Value side. Only measured items: (timed workflow savings × workflow frequency × the people demonstrably doing that workflow with Copilot) + (deflected tickets × cost per ticket) + cycle-time gains, which you may choose to report in days rather than dollars — “proposal turnaround down 40%” needs no hourly-rate fiction to land.

Then publish the comparison, including when it’s unflattering. A typical honest mid-rollout readout looks like: cost per active user ~$54/month all-in; measured, defensible savings ~$95–140/month per active user across the five workflows; agent deflection adding a separate $3k/month line; 38% of licenses dormant and scheduled for reassignment. That’s a good result — roughly 2x return on the measured floor — and it’s believable precisely because it admits the dormancy number and excludes everything unmeasured.
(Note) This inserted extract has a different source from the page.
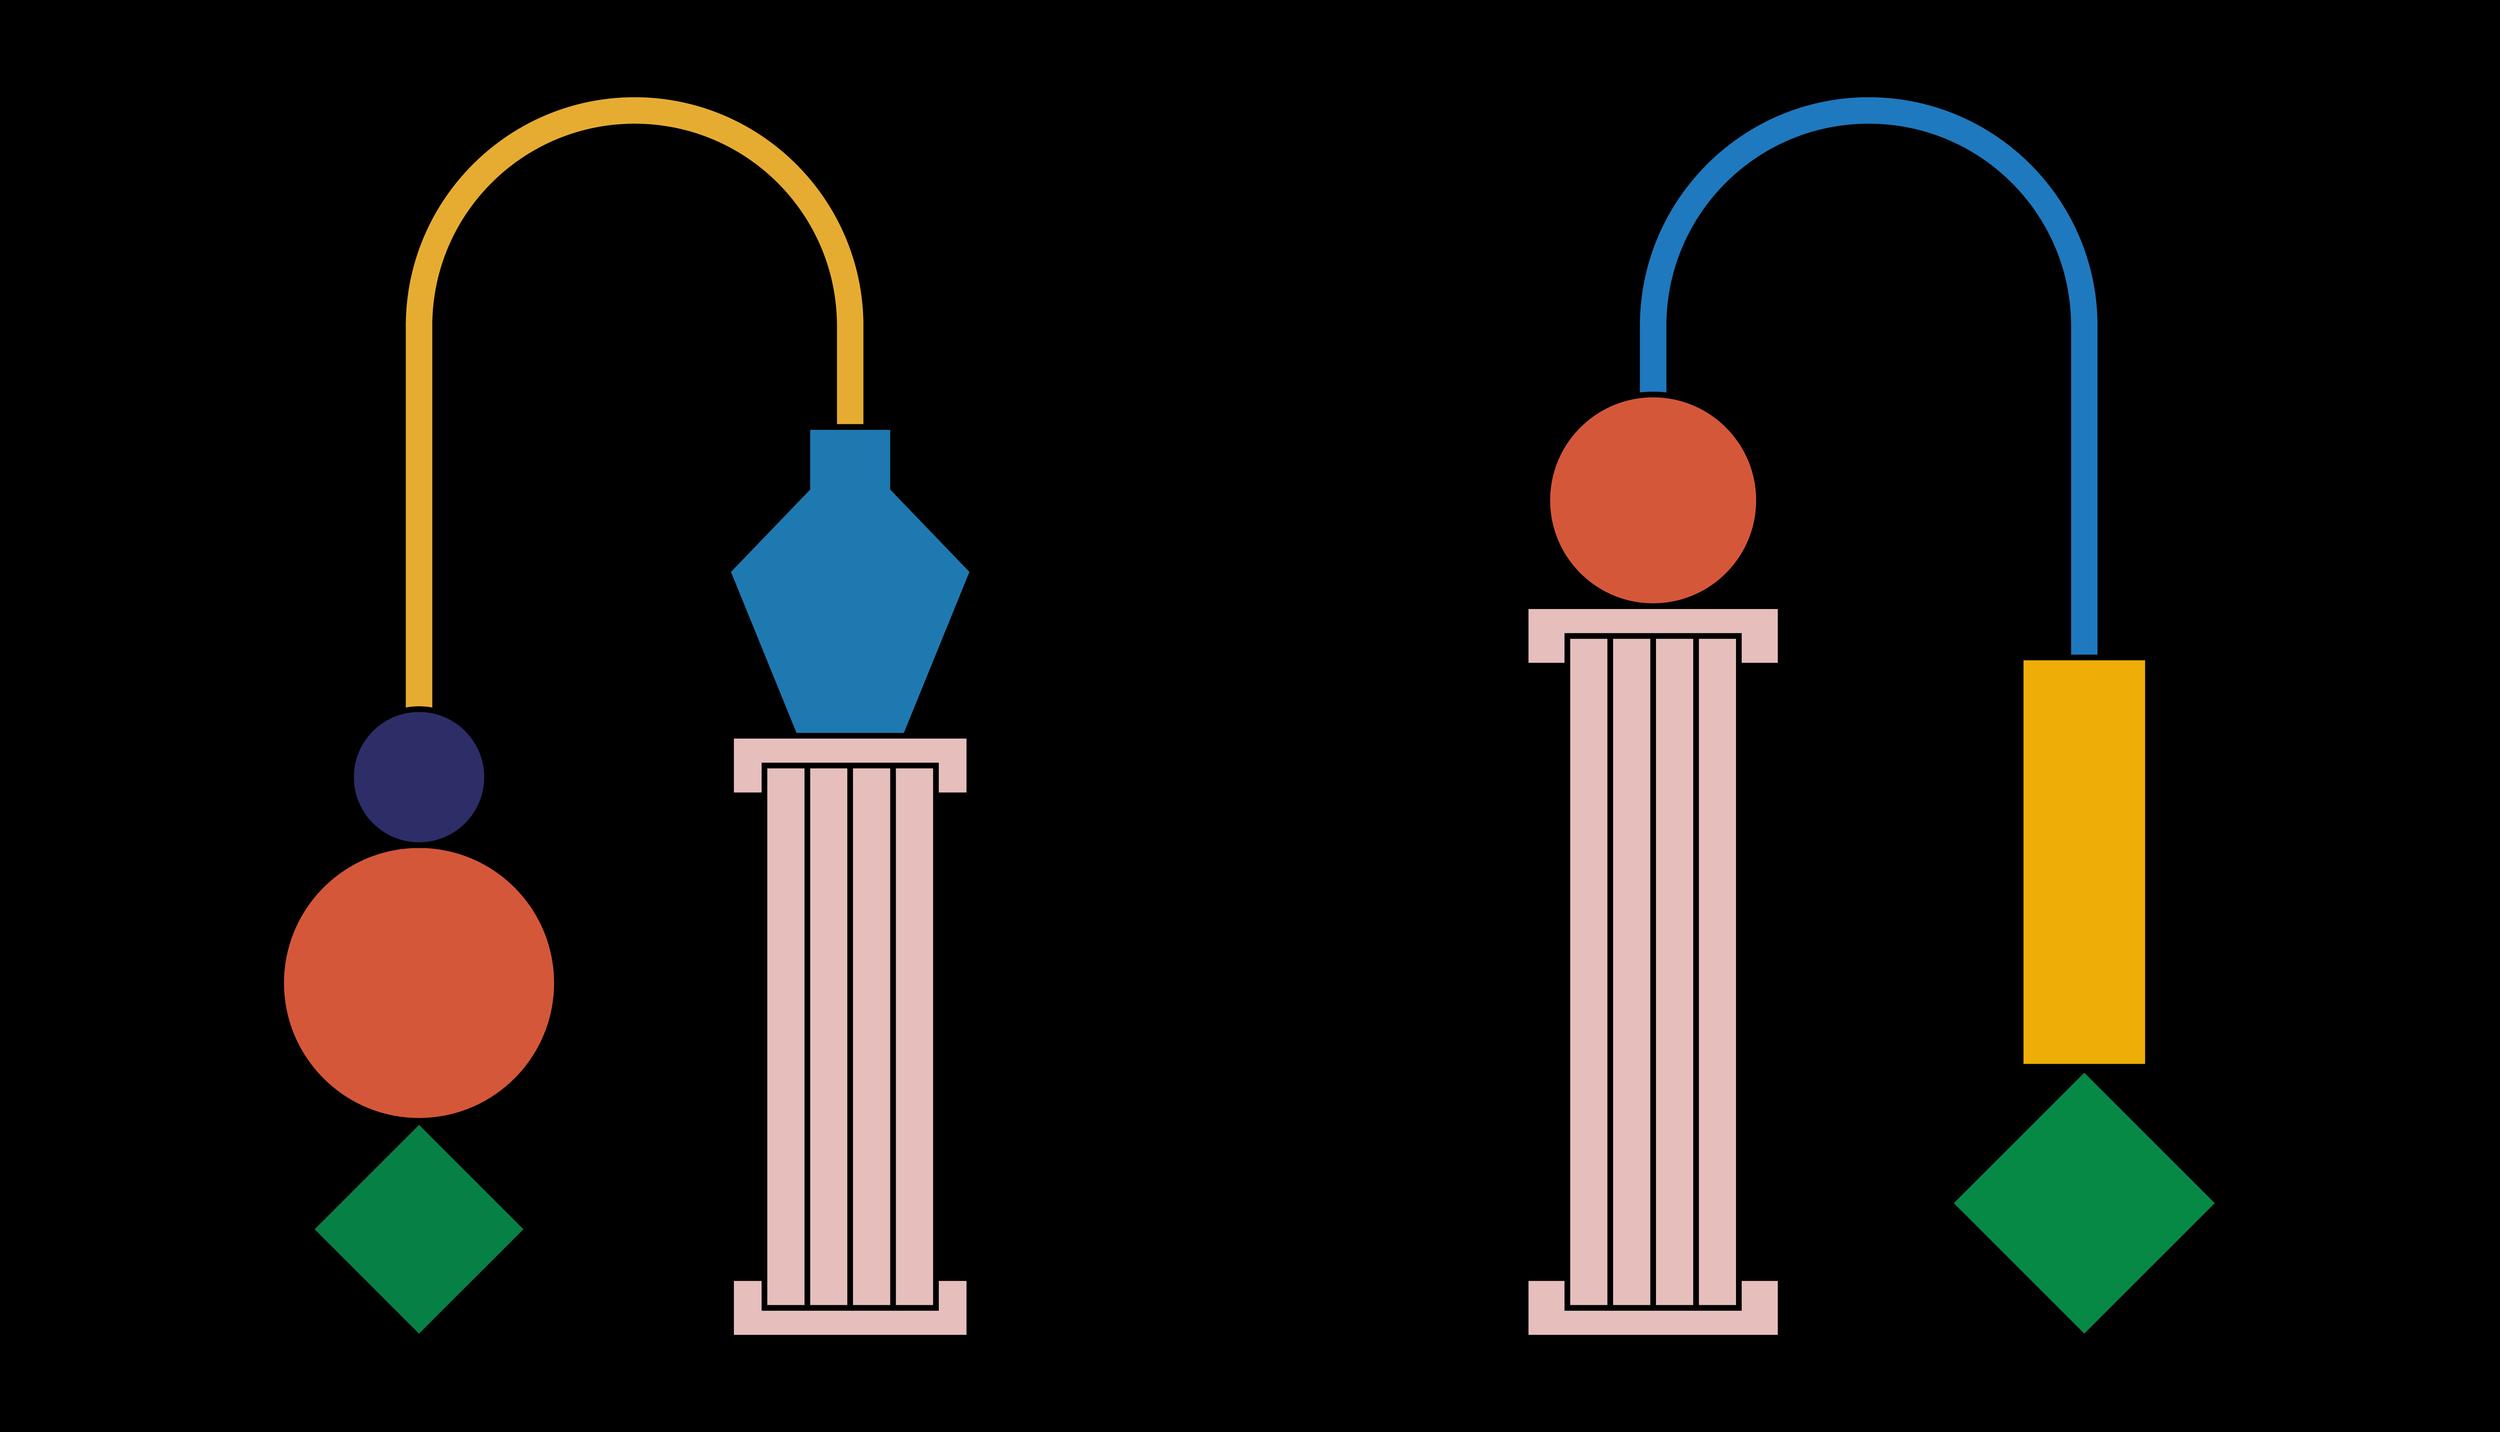 balance_illustration_03.png
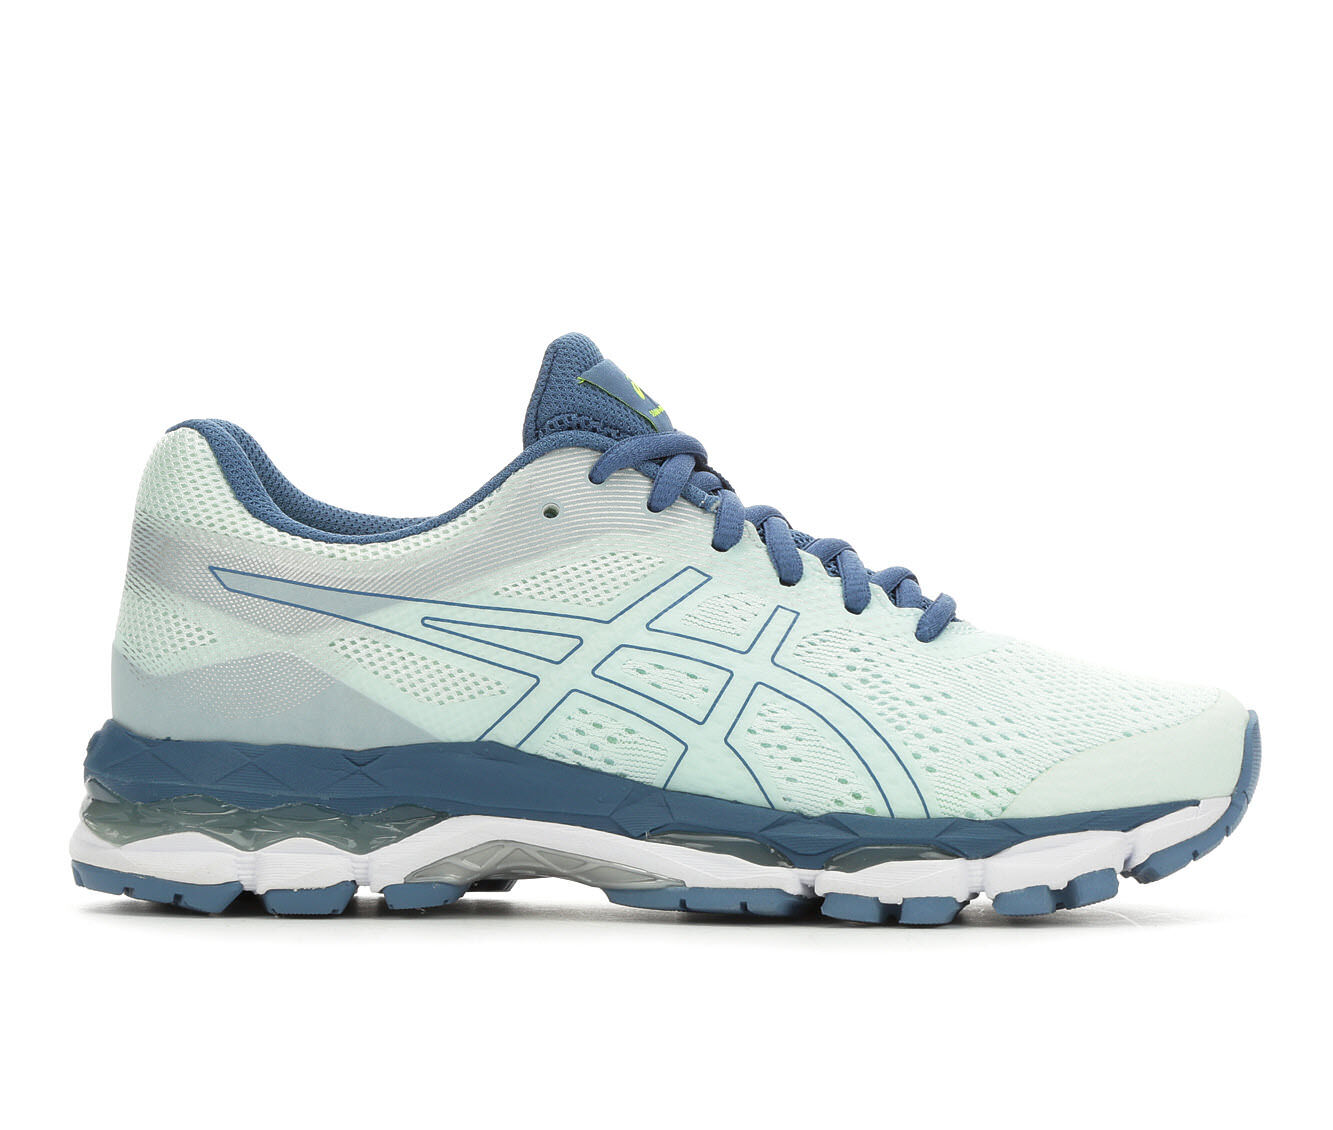 Women's ASICS Gel Superion 2 Running Shoes Sea/Azure

Metric	Instrument	Trap it avoids
Workflow time, before/after	Stopwatch, 5 workflows, medians, to reviewed-quality	Estimation inflation
Ticket deflection	Ticketing system + agent analytics + automated evals	Attribution hand-waving
Document cycle time	Request-to-delivery dates	The “saved minutes” harvest problem
Cost per active user	Admin center analytics ÷ full cost stack	Survivorship — dormant licenses hiding in the denominator
Credit forecast vs actual	Usage estimator + billing	Agent costs discovered at invoice time

The closing argument

The dishonest version of Copilot ROI is a big number nobody trusts. The honest version is a smaller number that survives every question in the room — and a management system as a side effect: dormant licenses get recycled, weak agents get fixed or killed, and the five measured workflows become the template for choosing the next five. If the honest math doesn’t clear the bar at your active-user rate, that’s not a measurement failure. That’s the measurement working — telling you to fix adoption before you fix the slide.